» **ACTIVITY**: Take from the entries below the stretch from the line with "A girl wearing" through the line with "A writer must", and return it exactly, leaving the pictures out.

» **INFORMATION GIVEN**:

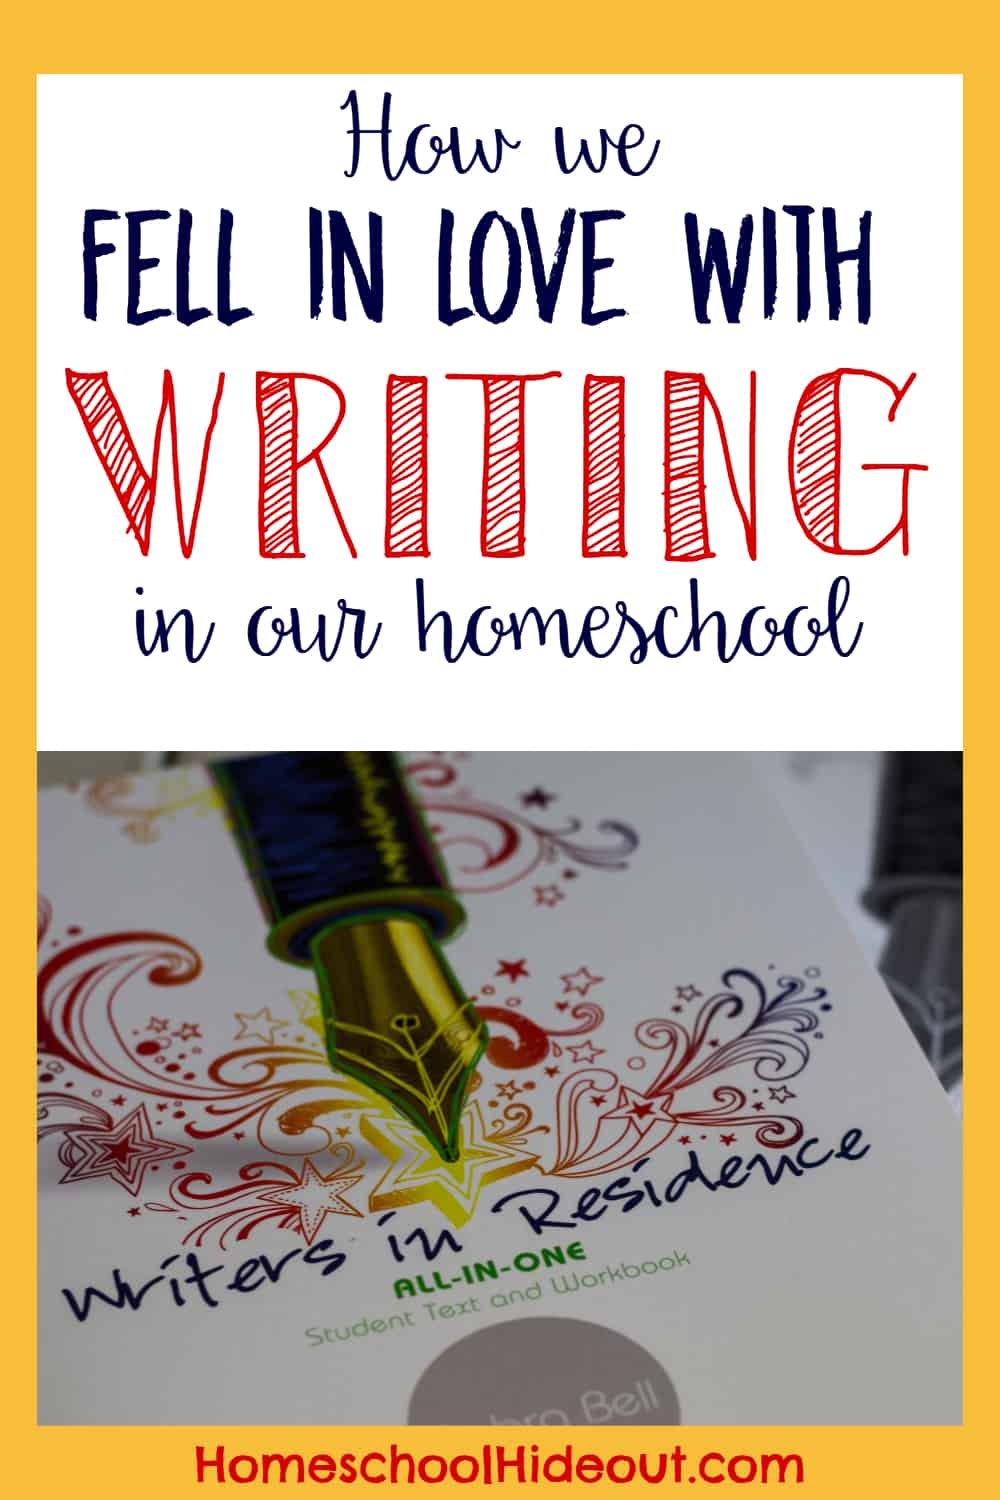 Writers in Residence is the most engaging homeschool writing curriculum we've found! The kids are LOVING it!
==
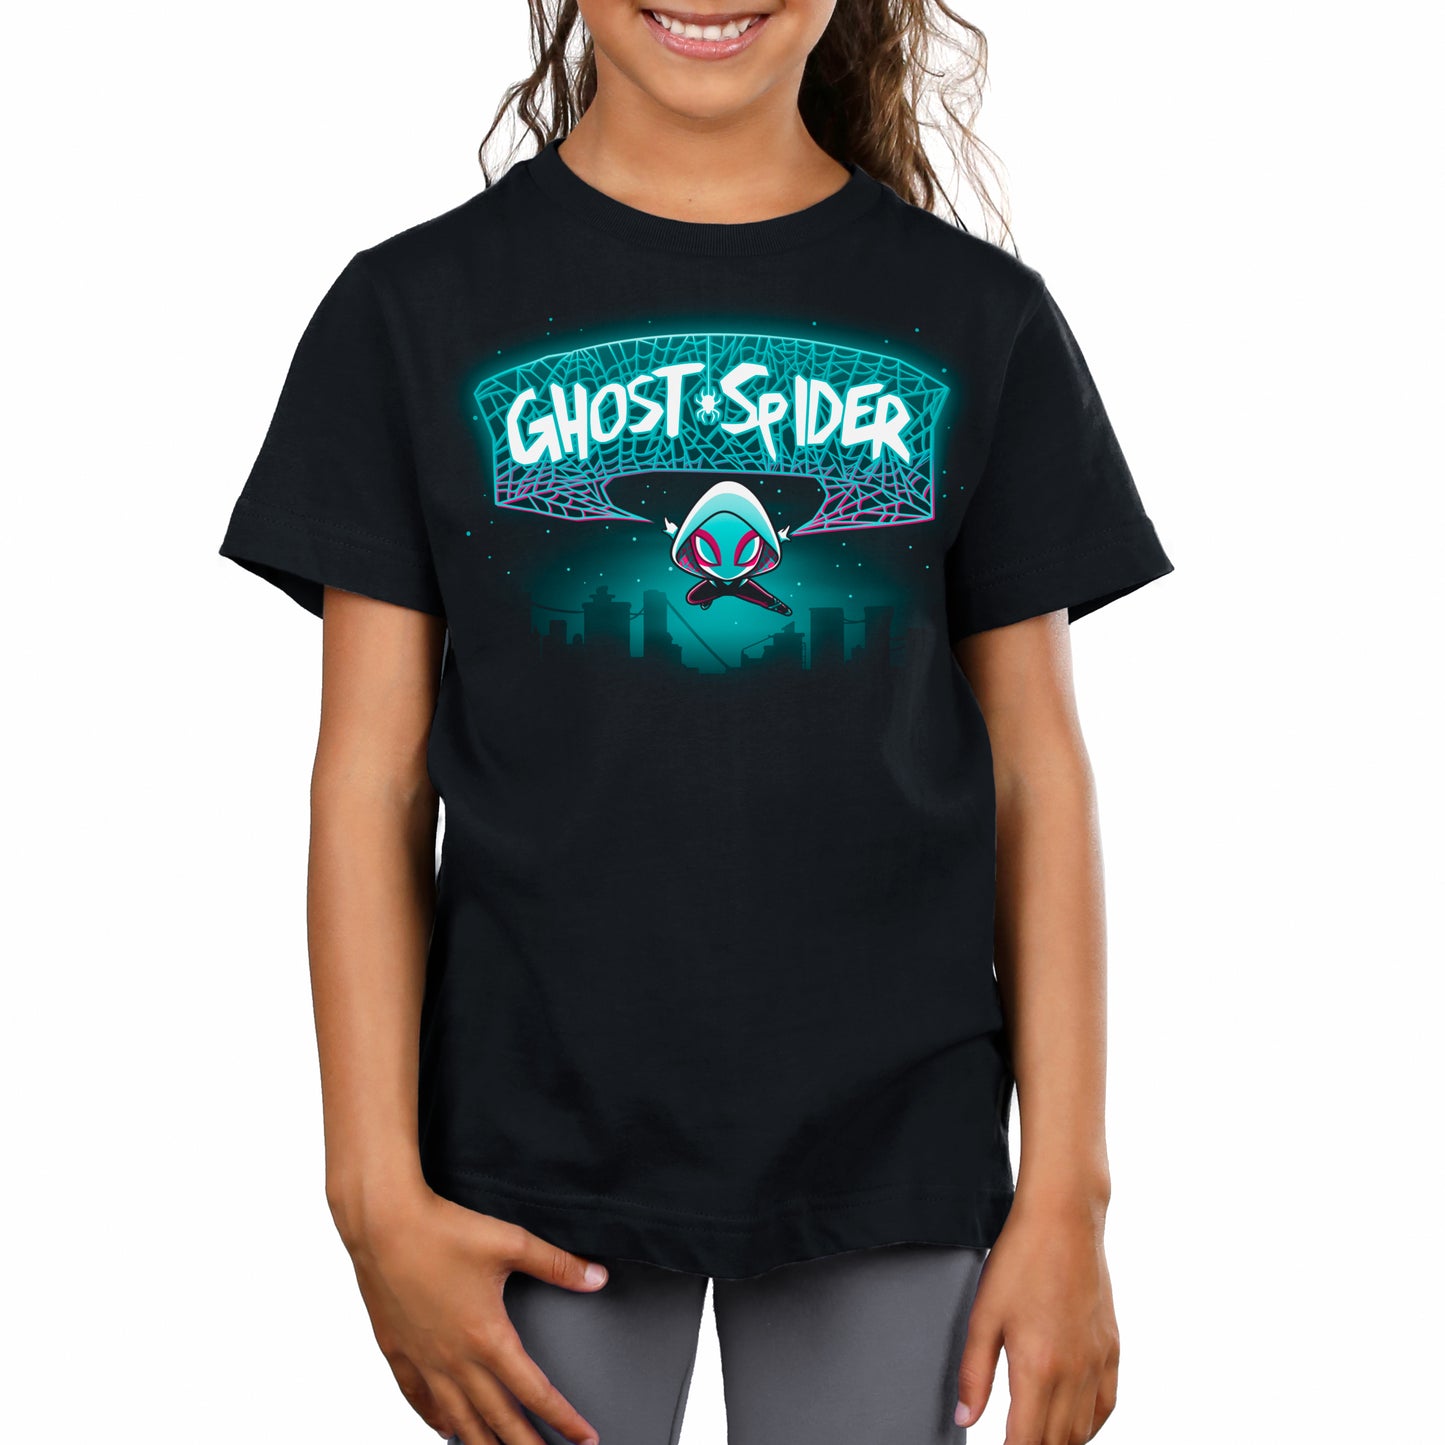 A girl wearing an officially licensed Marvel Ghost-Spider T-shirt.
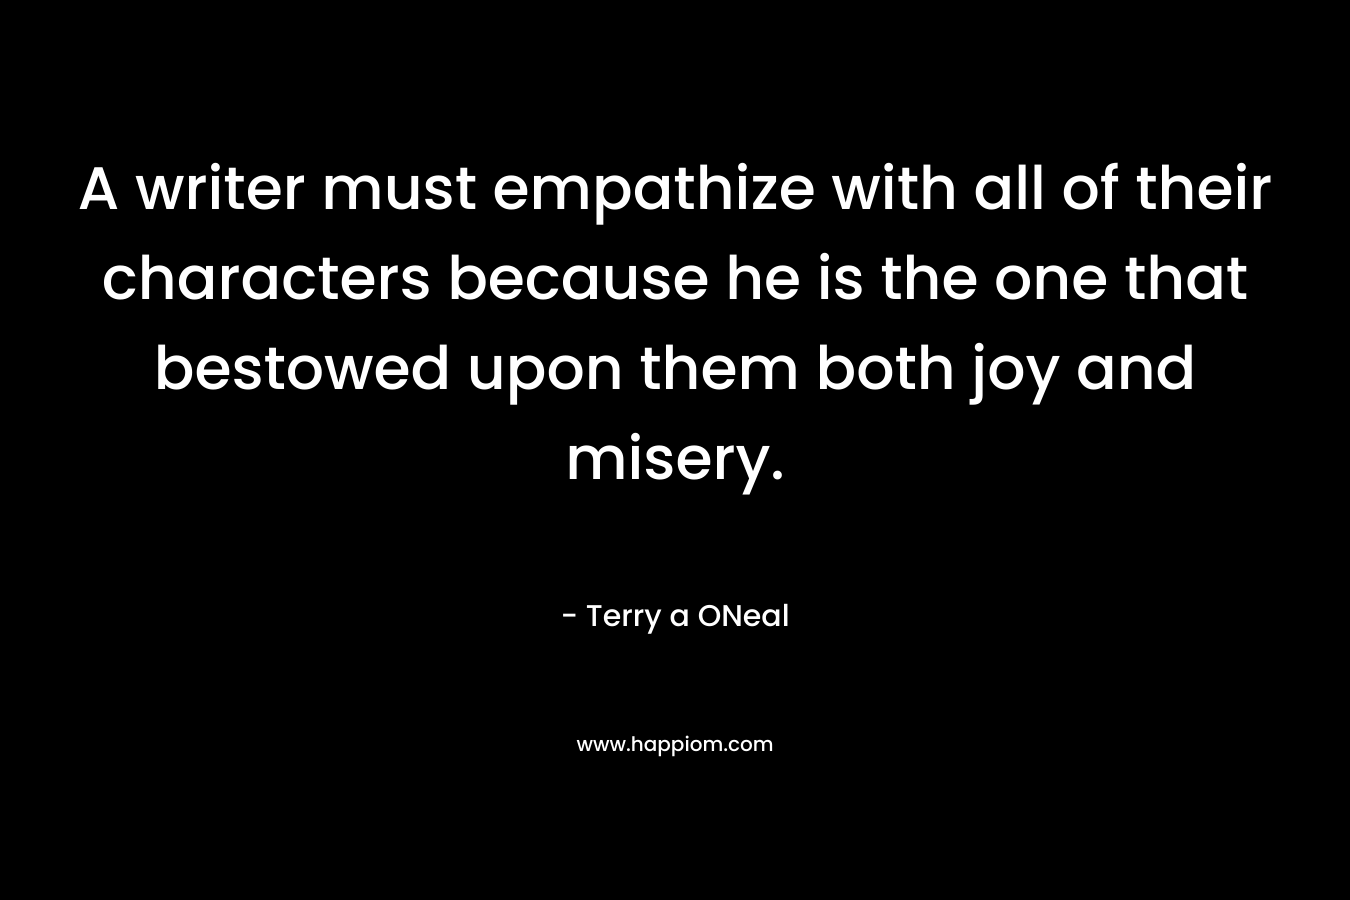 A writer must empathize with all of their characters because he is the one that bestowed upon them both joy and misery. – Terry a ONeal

» **ANSWER SPACE**:
 A girl wearing an officially licensed Marvel Ghost-Spider T-shirt.
 A writer must empathize with all of their characters because he is the one that bestowed upon them both joy and misery. – Terry a ONeal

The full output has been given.